Bisakah kapitalisme ramah lingkungan? Dalam kapitalisme, tujuan produksi adalah untuk mendapatkan keuntungan. Dan, bagi kapital, manusia dan alam hanyalah alat untuk mencapai tujuan tersebut. Manusia membutuhkan lingkungan yang sehat. Dan, karena itu, ia butuh kondisi alam yang terpelihara. Sedangkan bagi kapitalisme, alam—seperti juga manusia—hanya alat untuk menggali untung.

Di sinilah berpangkal pesisisme akan kapitalisme yang ramah lingkungan itu. Menuru Pablo Solon, duta besar Bolivia di PBB, dengan konsep ‘ekonomi hijau’, kapitalisme hendak menyertakan alam sepenuh-penuhnya sebagai bagian dari kapital. Katanya, kapitalisme tidak hanya memprivatisasi barang-barang yang didapat dari alam (semisal kayu yang didapat dari hutan), tetapi malahan ingin memprivatisasi fungsi dan proses alam itu sendiri. Inilah esensi dari ekonomi hijau.

Kapitalisme sedang berfikir untuk mencari ruang akumulasi baru: mereka ingin mengubah fungsi dan proses alam sebagai komoditi. Juga, memprivatisasi keanekaragaman hayati, air, tanah, pertanian, laut, perikanan dan sebagainya. Dalam program REDD, misalnya, mereka ingin memanfaatkan fungsi hutan, yakni menyerap dan menyimpan karbondioksida, sebagai sesuatu yang bisa diperdagangkan.

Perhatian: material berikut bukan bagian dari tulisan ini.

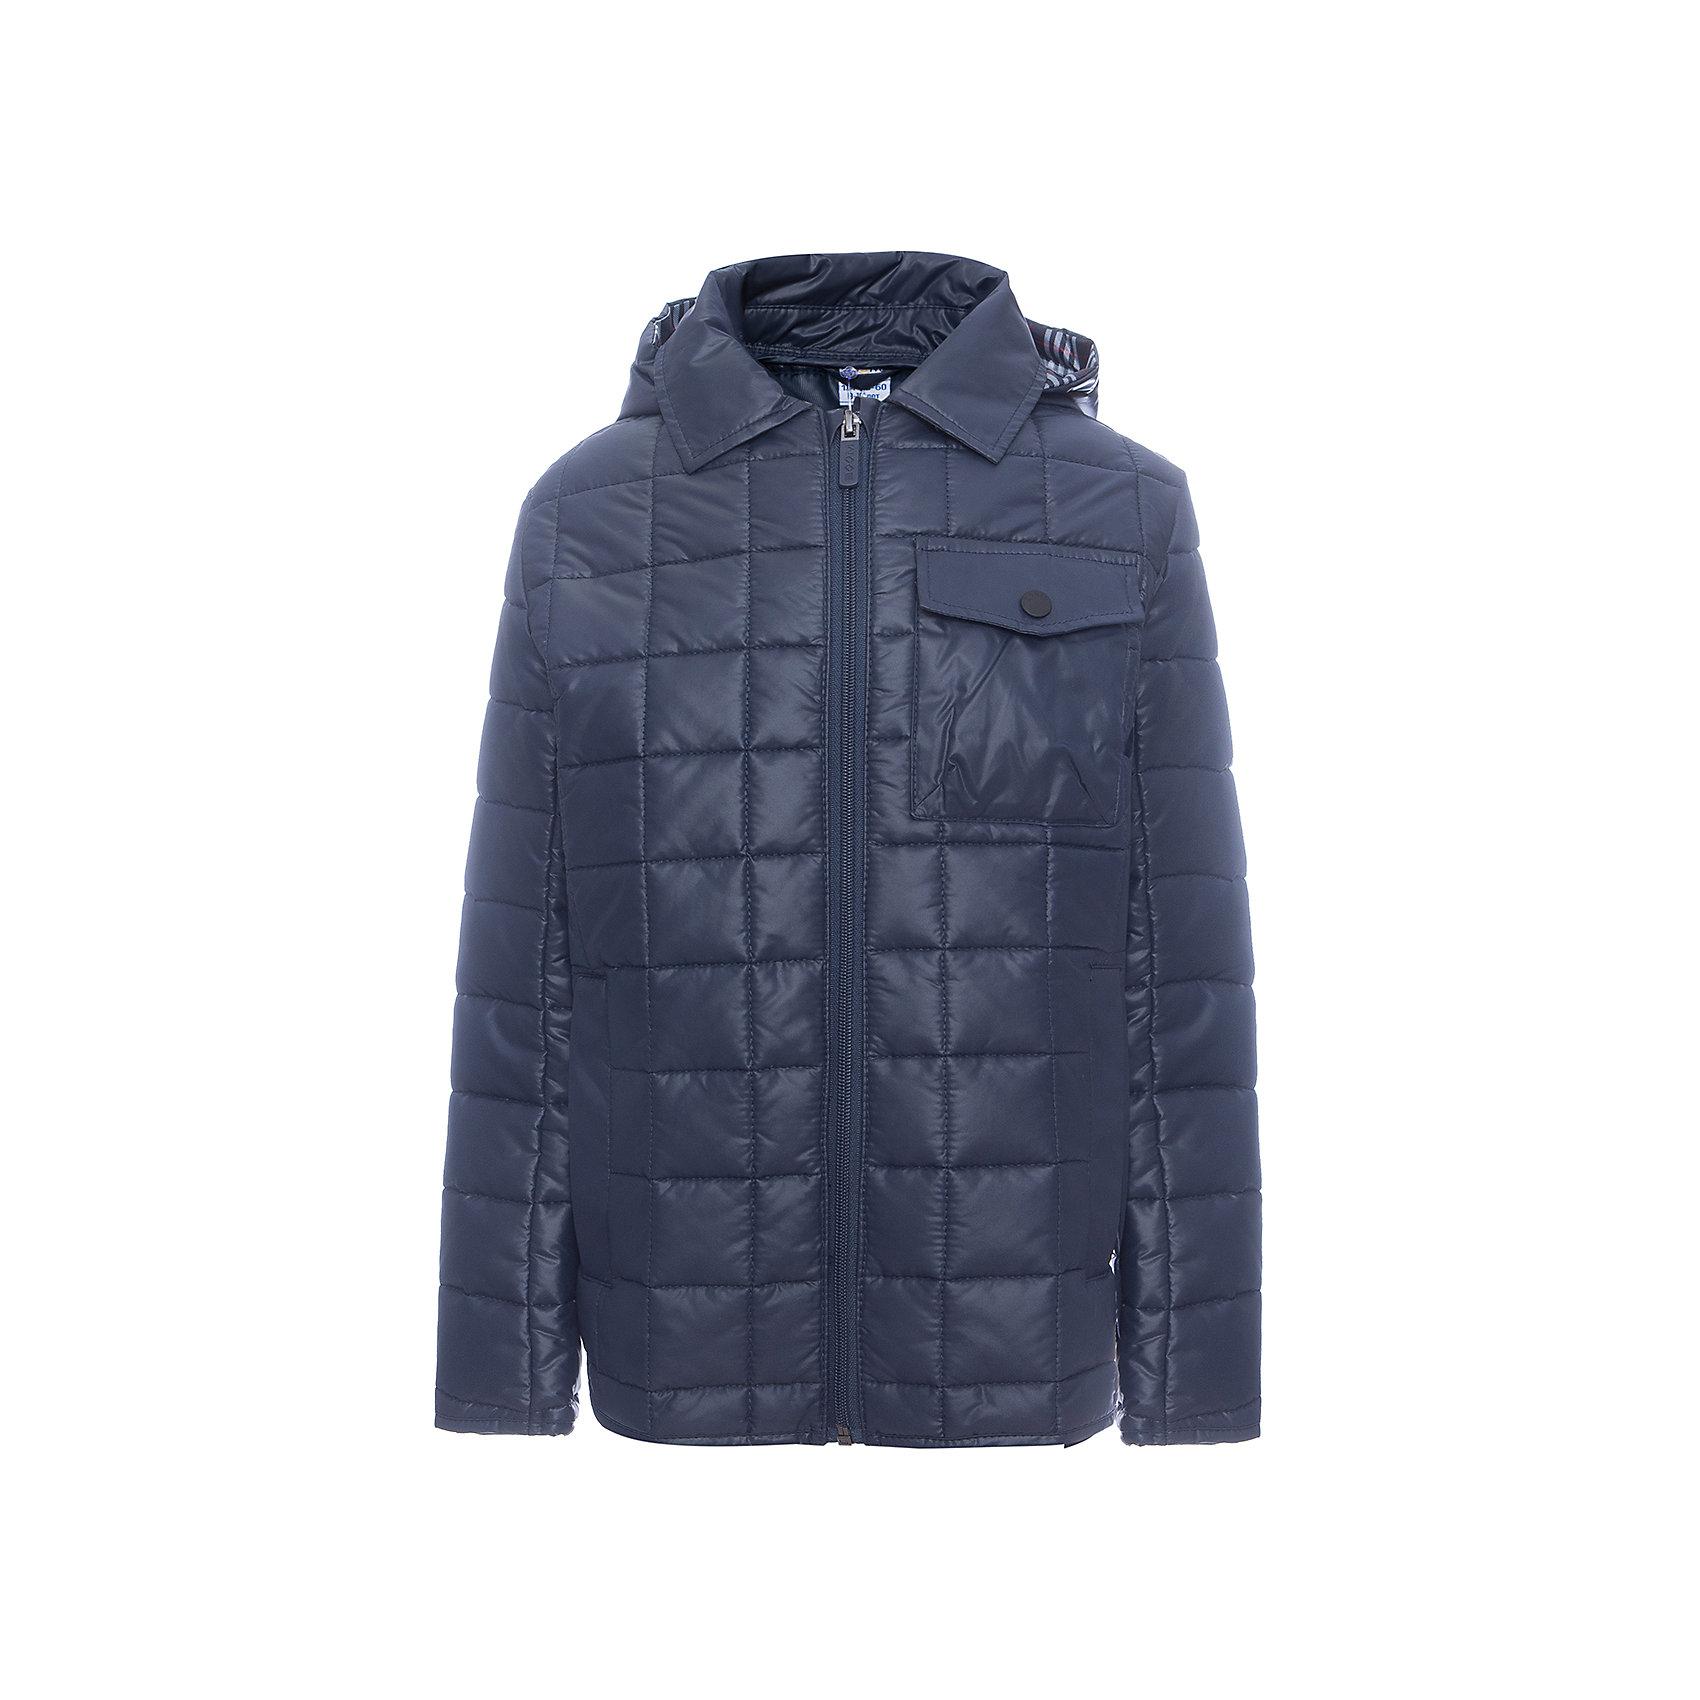 Куртка BOOM by Orby для мальчикаВерхняя одежда<br>Характеристики товара:<br><br>• цвет: синий<br>• ткань верха: Таффета pu milky стеганая<br>• подкладка: ПЭ пуходержащий<br>• утеплитель: Flexy Fiber 150 г/м2<br>• сезон: демисезон<br>• температурный режим: от 0°до +15°С<br>• особенности: на молнии, стеганая<br>• тип куртки: стеганая<br>• капюшон: без меха, несъемный<br>• страна бренда: Россия<br>• страна изготовитель: Россия<br><br>Эта демисезонная куртка не только стильно смотрится - благодаря утеплителю, оптимальному прилеганию и капюшону такая куртка защитит ребенка от холода и сырости в демисезон. Она дополнена удобными карманами.<br><br>Куртку BOOM by Orby для мальчика можно купить в нашем интернет-магазине.<br><br>Ширина мм: 356<br>Глубина мм: 10<br>Высота мм: 245<br>Вес г: 519<br>Цвет: синий<br>Возраст от месяцев: 132<br>Возраст до месяцев: 144<br>Пол: Мужской<br>Возраст: Детский<br>Размер: 152,158,164,170,122,128,134,140,146<br>SKU: 7007398

Ekonomi hijau menjanjinkan modernisasi hijau kapitalisme, namun tanpa logika dasar kapitalisme: akumulasi kapital dan persaingan. Ada logika menyesatkan di dalamnya: ekonomi hijau menganggap pertumbuhan ekonomi tidak berkontradiksi dengan upaya melindungi lingkungan. Pertanyaannya: bisakah nafsu serakah untuk terus-menerus menggali keuntungan bergandengan tangan dengan penghormatan terhadap alam dan kehidupan seluruh makhluk hidup?

Indonesia sendiri sudah bersiap menjalankan konsep ekonomi hijau ini. Konon, konsep ekonomi hijau ini sudah diadopsi dalam MP3EI (Masterplan Percepatan dan Perluasan Ekonomi Indonesia). Sebelumnya, Indonesia sudah menjadi bagian dari pelaksanaan REDD (Reducing Emissions through Deforestation and Forest Degradation/Pengurangan Emisi dari Deforestasi dan Degradasi Hutan).

Presiden SBY sendiri sudah berulang kali berbicara tentang “pertumbuhan dengan keadilan”. Namun, apa yang terjadi, proses pembangunan ekonomi kita menciptakan ketidakadilan yang luar biasa: kemiskinan, pengangguran, perampasan tanah rakyat, dan lain-lain. Bisakah privatisasi, liberalisasi investasi, liberalisasi perdagangan, dan penghapusan subsidi menciptakan kemakmuran?

Kita lihat, di bawah payung “liberalisasi investasi”, tidak sedikit hutan, tanah kaya tambang, kawasan laut, perairan, sumber air minum, dan lain-lain yang jatuh ke tangan swasta. Ini juga membawa dampak-dampak langsung: perampasan tanah rakyat, pengusiran massa rakyat dari lahan dan mata-pencaharian, kekerasan, dan lain sebagainya. Rakyat juga dipaksa membayar mahal pemenuhan kebutuhan dasarnya, seperti listrik dan air minum, karena sumber daya tersebut sudah dikuasai swasta.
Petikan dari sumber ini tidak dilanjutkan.